You can tell that the residual does not converge to zero, and the x are jumping back and forth.

Now let’s check the residual and x using initial guess [1, 1].

# don't forget to reset the history
residual_history = []
x_history = []

sol = fsolve(residual_with_history, [1, 1])
plot_history(residual_history, x_history)

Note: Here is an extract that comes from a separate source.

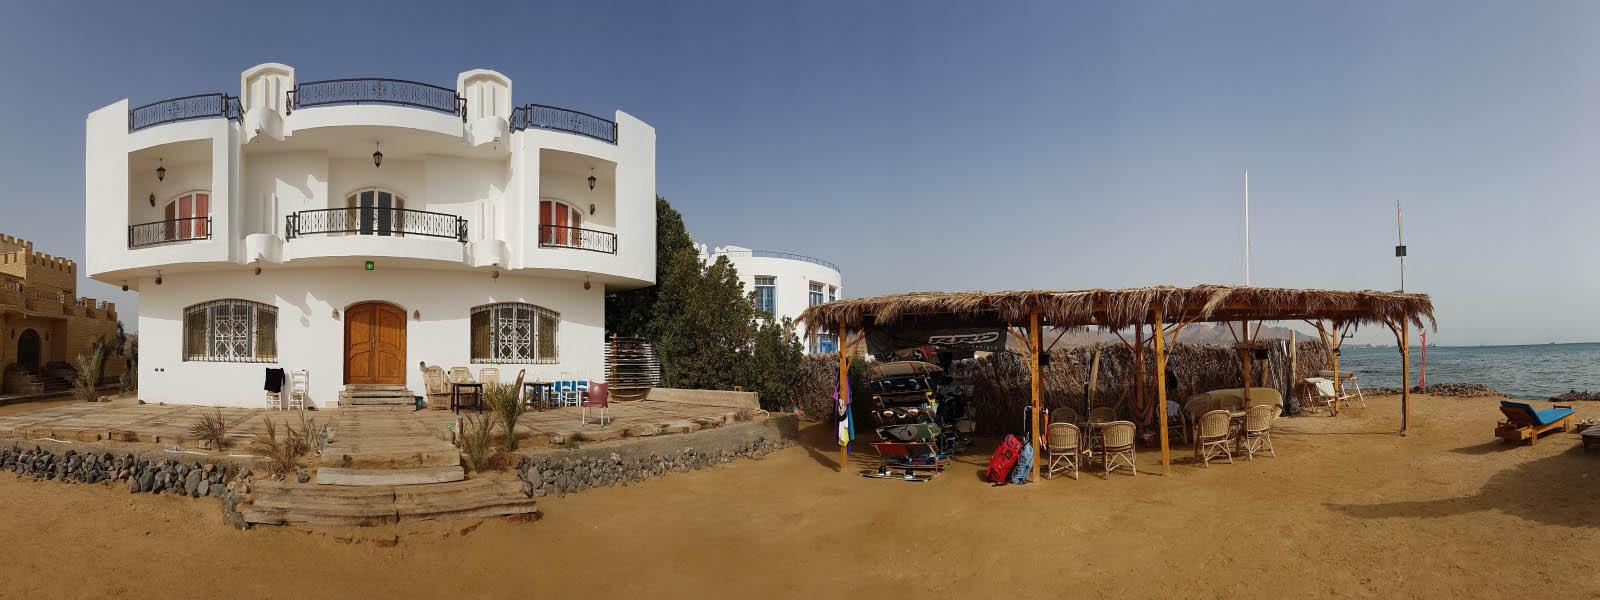 the kite villa
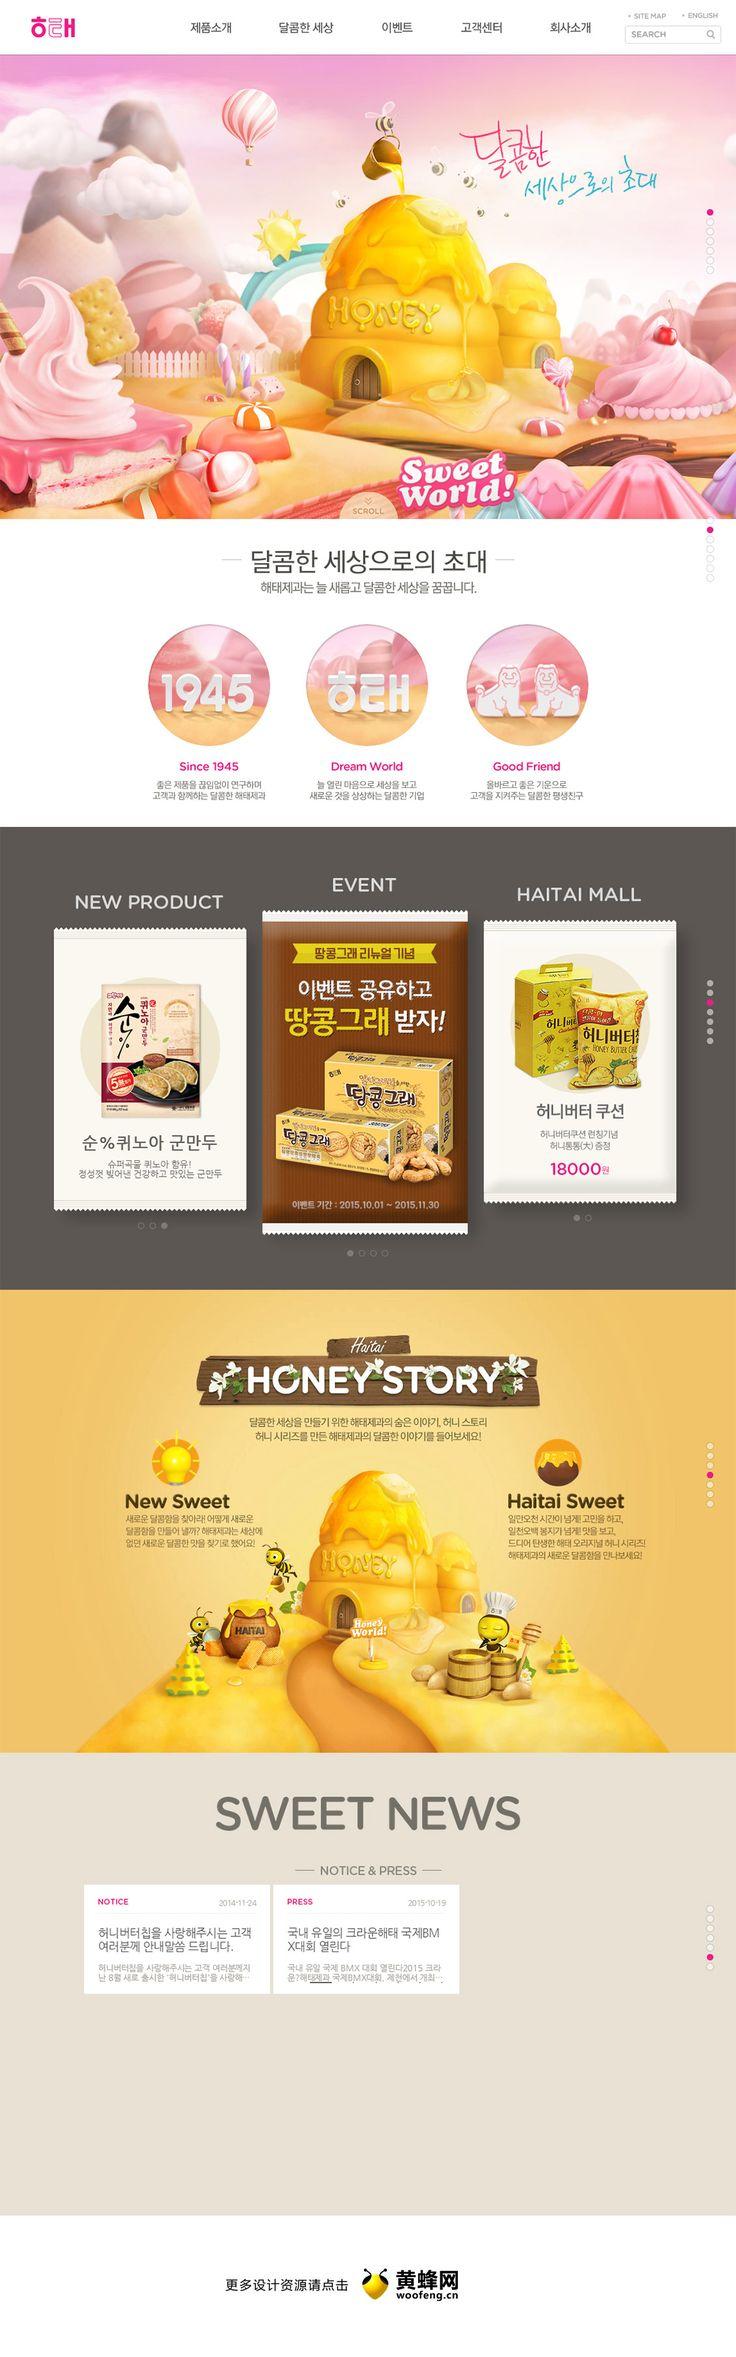 HONEY美食网站,来源自黄蜂网http://woofeng.cn/

../../_images/35a0b443b5b1a2cd8925721982dae5370e74be2354cb723411c90b4b50000c15.png

Conclusion#

While numerical Jacobian calculation offers convenience, analytical Jacobians provide better performance for complex systems. Understanding both approaches gives you flexibility:

Use numerical Jacobians for rapid prototyping and simple problems
Implement analytical Jacobians for production code and large-scale systems where performance matters

The choice depends on your specific needs in balancing development time against execution speed.

For our nonlinear equation solving needs, it’s valuable to know that even without providing a Jacobian, we can still find solutions efficiently using tools like fsolve. However, as problems become complex, the analytical Jacobian can be helpful for computational speed up.